In the 20th century, the reliability of Carver's narrative has been debated by scholars; examination of Carver's manuscript journal establishes that it differs in important respects from the published version. More recent research points to the conclusion that while Carver actually made the tour he describes, he suppressed the fact that he performed it as a hired agent of Royal Governor Major Robert Rogers, rather than on his own responsibility.

After Carver's death, Dr. John Coakley Lettsom purchased the copyrights to the book and had published a third edition. Lettsom claimed he had in his possession a deed, signed by two chiefs of the Sioux, giving Carver title to about 10,000 square miles in what is now Wisconsin and Minnesota. The deed could not be located after the death of Carver's London widow.
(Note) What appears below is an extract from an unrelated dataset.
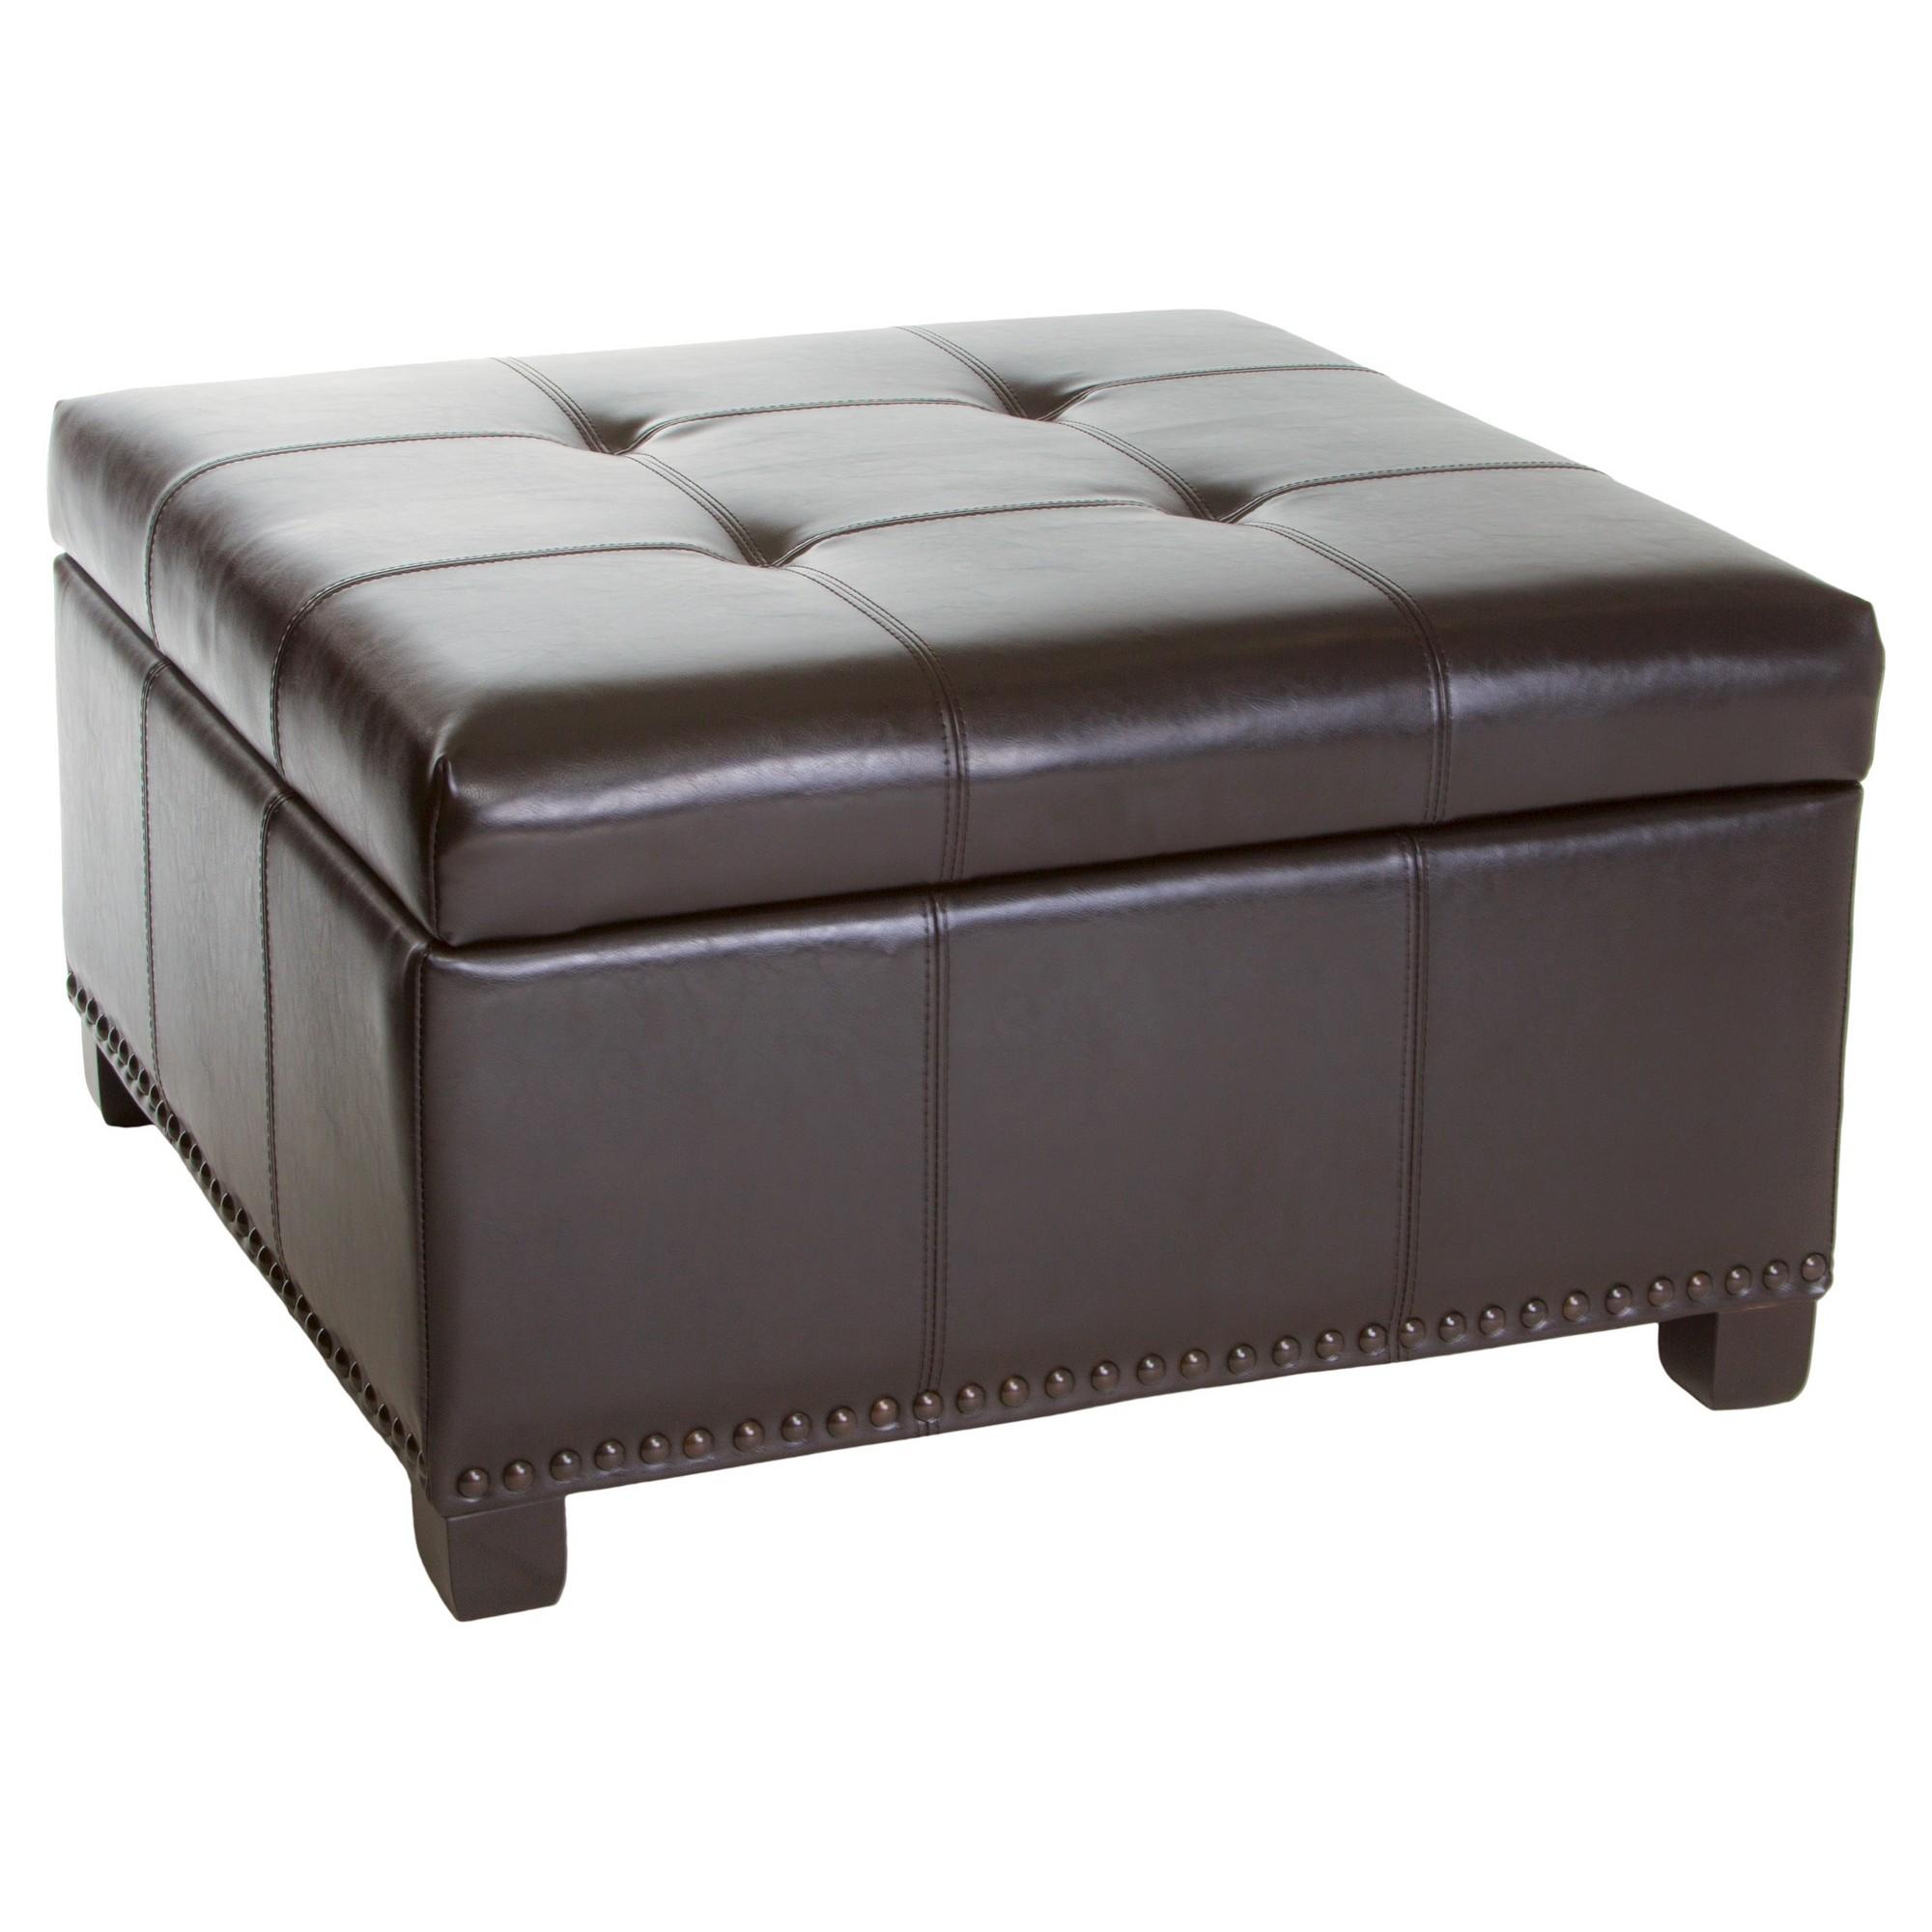 Shauna Espresso Brown Leather Interior Tray Storage Ottoman Christopher Knight Home

In 1804, a group of descendants of Carver petitioned the U.S. Congress for ownership rights to a large tract of land in Wisconsin and Minnesota, claiming that the deed supposedly dated at the "Great Cave, May the 1st, 1767" entitled Carver and his family to over 10,000 square miles of land. Specifically they identified; "the whole of a certain tract or territory of land, bounded as follows, viz.: from the Falls of St. Anthony, running on the east bank of the Mississippi, nearly southeast, as far as Lake Pepin, where the Chippewa joins the Mississippi, and from thence eastward, five days travel, accounting twenty English miles per day, and from thence again to the Falls of St. Anthony, on a direct straight line." This triangular tract in northwestern Wisconsin and eastern Minnesota would have been bounded by lines running from modern Minneapolis southeast to Pepin, then due east to near Stevens Point, and from there northwest roughly through Eau Claire to Minneapolis.

Congress investigated their claim and ultimately concluded that English law at the time prohibited any land grants to individuals. They also concluded that Carver himself never made any mention of such a grant in his book or afterwards, and finally that no Indians in the region had any knowledge of such a transaction having been made by their grandparents' generation; in 1817, Sioux elders in St. Paul had even told Carver's heirs that no chiefs with the names on the deed had ever existed. Congress concluded, on Jan. 29, 1823, not to permit Carver's heirs the rights to this land in Wisconsin. Land speculators and con-men nevertheless continued to promote the sale of portions of "Carver's Grant" for another half century.